I am now writing tests for these implementations and I will then try and find your tests for the original mixed responsibility classes to see if these new implementations will produce correct results.

Cpt-xx commented 8 years ago

I've got an issue with your implementation:

fragmatyc commented 8 years ago

Hi Cor, I don't get you second point. The intent of the last test of CommentsWithdrawalCodeSplitterTest is to test the following scenario:

insert into MY_TABLE using template 
    "String value with comment start /* hidden in it" -> MY_COLUMN /* With a comment after */;

That is the point of this.splitter.getParameters().addDontSplitBetweenTwo("\""); which says that we don't want to split comments if the comment delimiter is (in this case) in a String (or perhaps another comment!)

Cpt-xx commented 8 years ago

Sorry I missed the usecase of this one. I'll see what I can do to resolve this.
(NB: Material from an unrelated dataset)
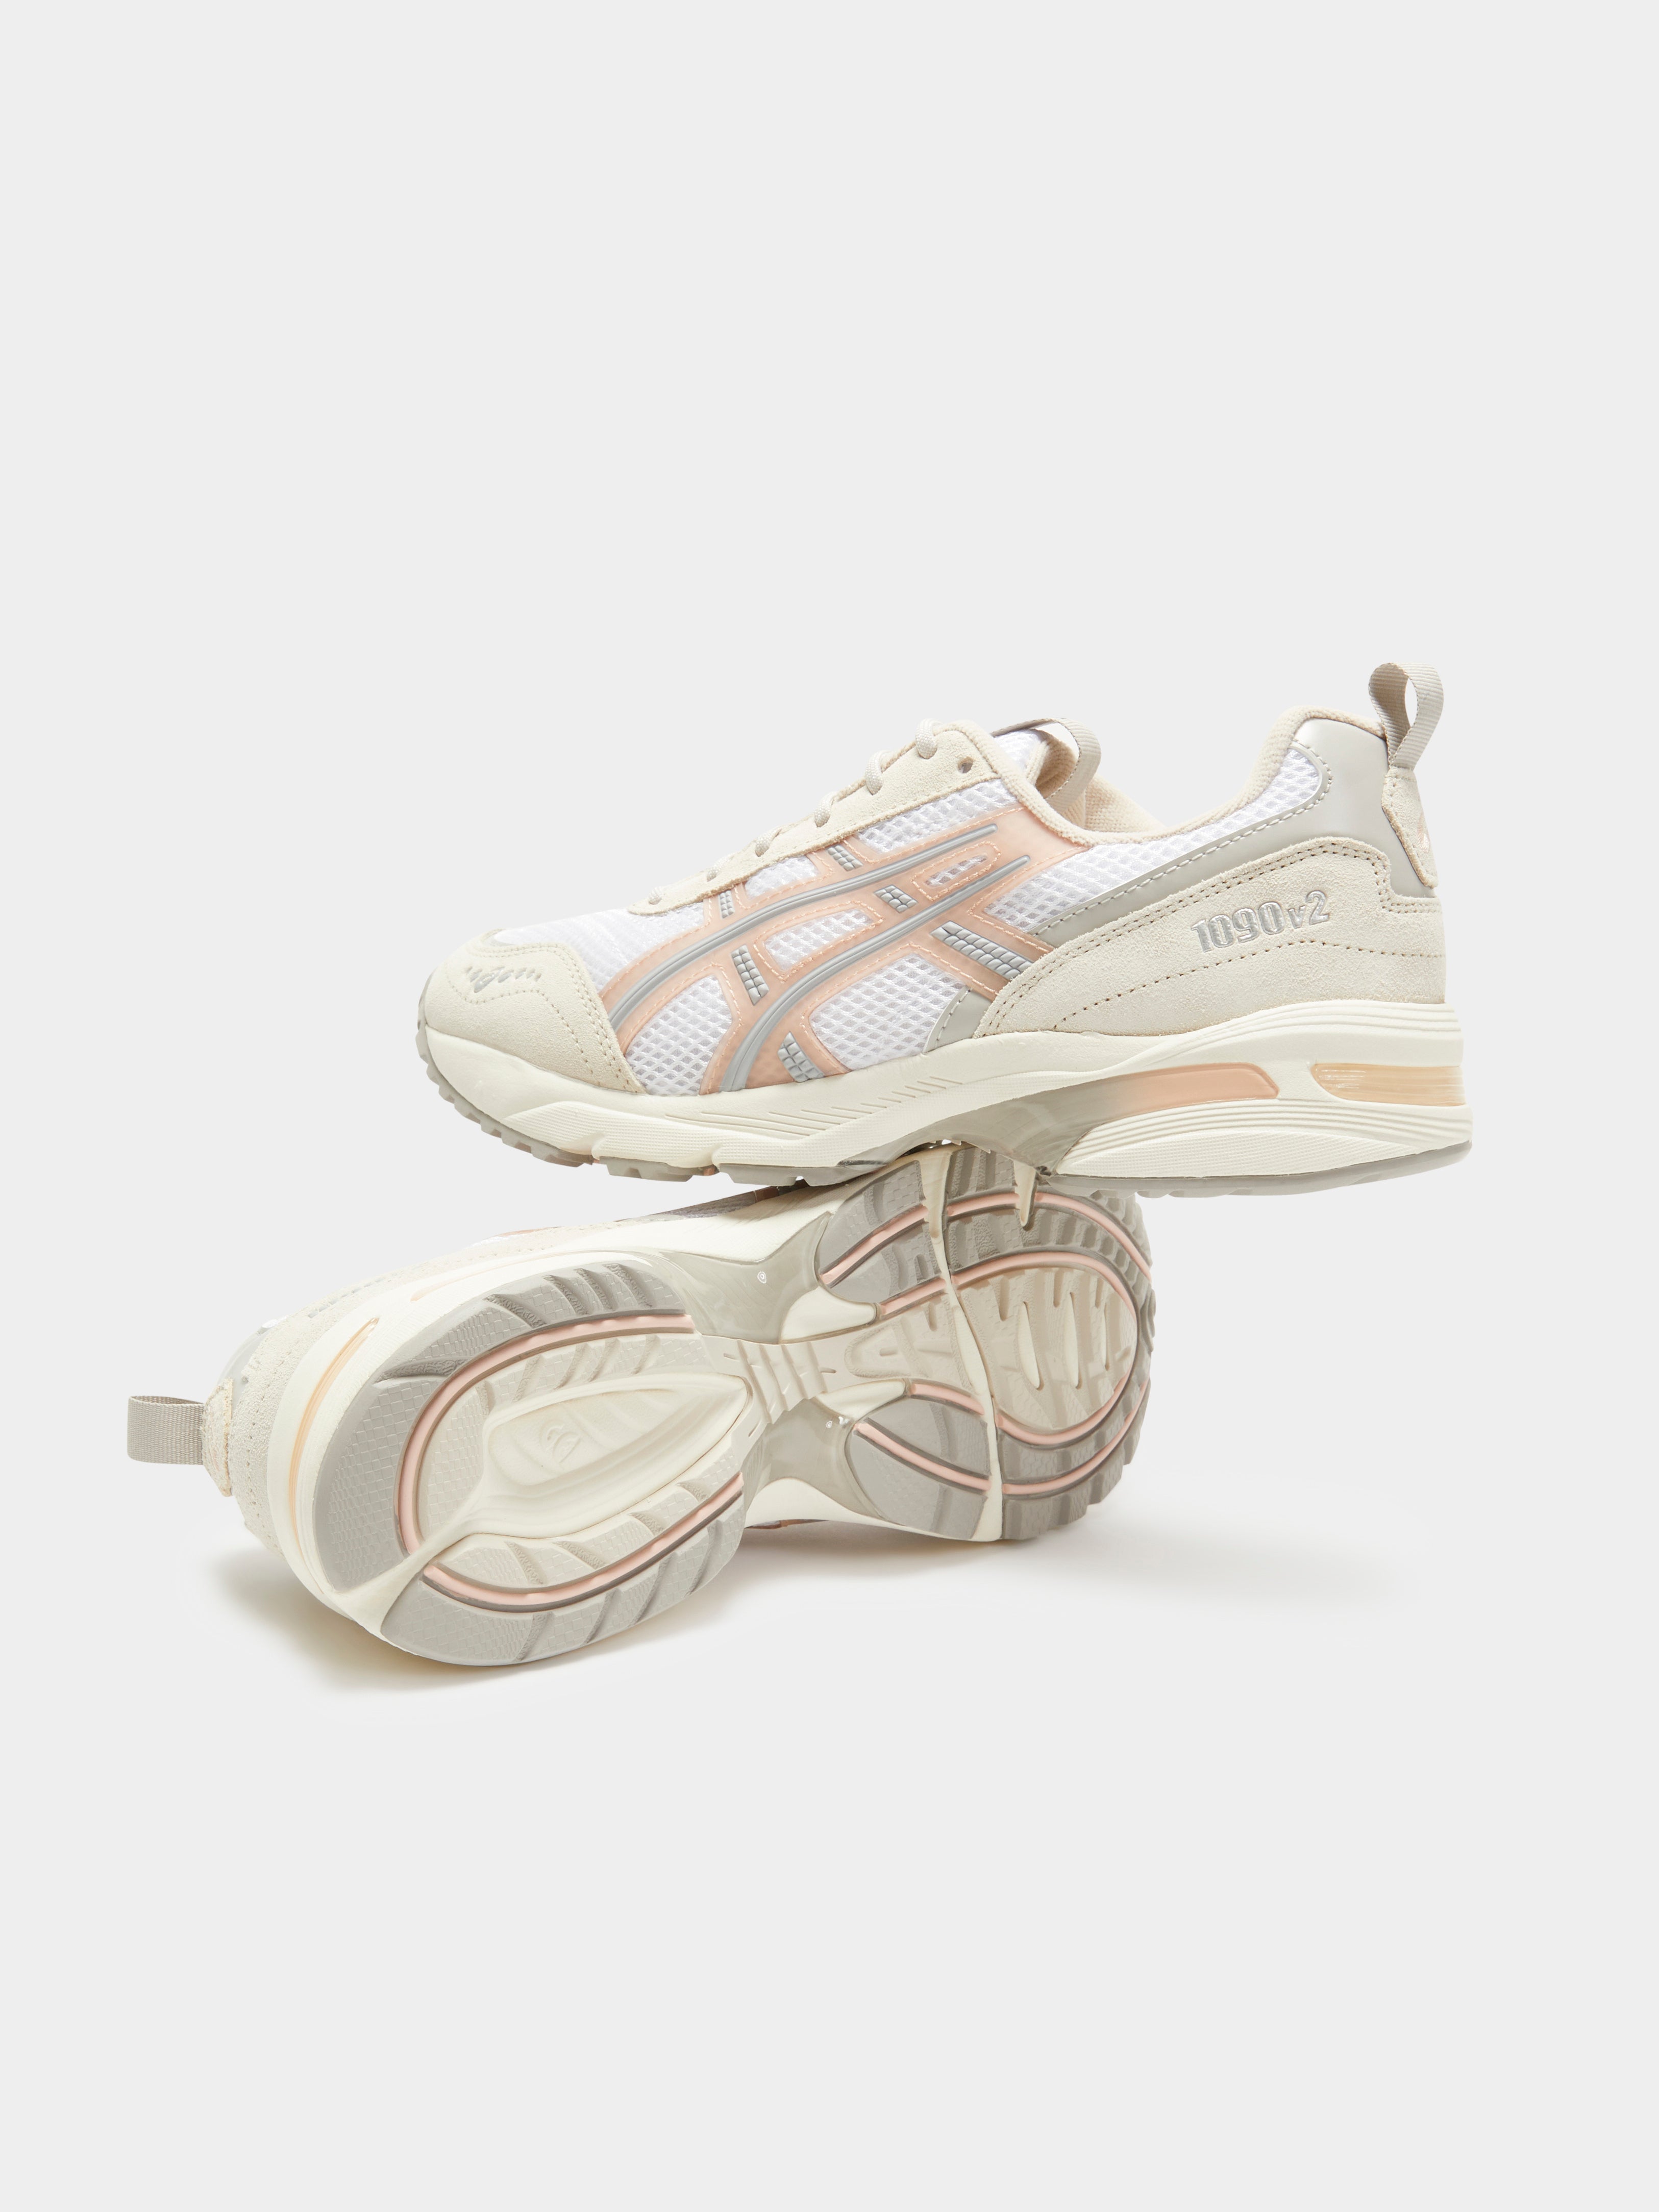 Womens Gel-1090 V2 Sneakers in White & Pink

fragmatyc commented 8 years ago

No worries :)

Cpt-xx commented 8 years ago

Okay, I'm trying to make sense of the CodeSplitterParameters class. Basically it is a list of pairs of unqualified delimiters. The pair of delimiters denoting a comment (e.g. "/" and "/") have the same meaning and contents as the pair of delimiters denoting a String (e.g.""" and """). So how can I make a informed choice between the two?

As there are clear distinctions between a delimiter pair denoting a comment and a pair denoting a String, I would propose to either add a discriminator (in the form of an enum as there is a limited number of possibilities) or to make clear subclasses of the pair (so a CommentsDelimitersPair and a StringDelimitersPair) so the processing methods can make an informed and unambiguous choice between them. Using an enumeration will create the possibility of using a switch and using subclasses will enable polymorphic method calls.

So, please help me make a decision.

fragmatyc commented 8 years ago

Do it as you wish :)

The way I did it at first was to add a "don't split between two delimiters" property. I don't think it's the best solution as we might want to avoid splitting between more than one pair of delimiters. You make the call! I think your proposition of an enum is good, but please look at the class containing sdfl syntax. I'm using reflection on the class instead of enum for inheritance (enum can't extend).

The point is to think and be future proof, isn't it?

Cpt-xx commented 8 years ago

Okay... I'll try and do a proposal (working with unit tests etc.).

However I do want to have some things cleared up/asked:

I will have to think up a nice and clear way of filtering the comments and such out of the input text. The fact that a delimiters appearing in text quotes (and presumably the other way around as well) need to be ignored does throw a bit of a challenge at me. But I will find some nice way I'm sure. It might take some time though...

fragmatyc commented 8 years ago

We surely will need to escape some characters, like the double quotes in a String. Regarding the splitting of code with Strings, I agree it's a bit complex. That is why I had originally created a separated implementation of the code splitter. Perhaps a simple and effective solution could be to remove the strings and put them back after the code is cleaned? It could potentially accelerate the process if we start by removing the Strings instead of removing the new line chars?

Cpt-xx commented 8 years ago

A heads up: I'm working on a solution where any delimiter between a string delimiter is ignored. It is looking good so far, I'm working on (close to) 100% unit test coverage. After that I'll see if that logic works for delimiters between comment delimiters as well (it should, logically speaking).

After THAT we can see if we can adopt this way of working and modify the existing code to use this new material.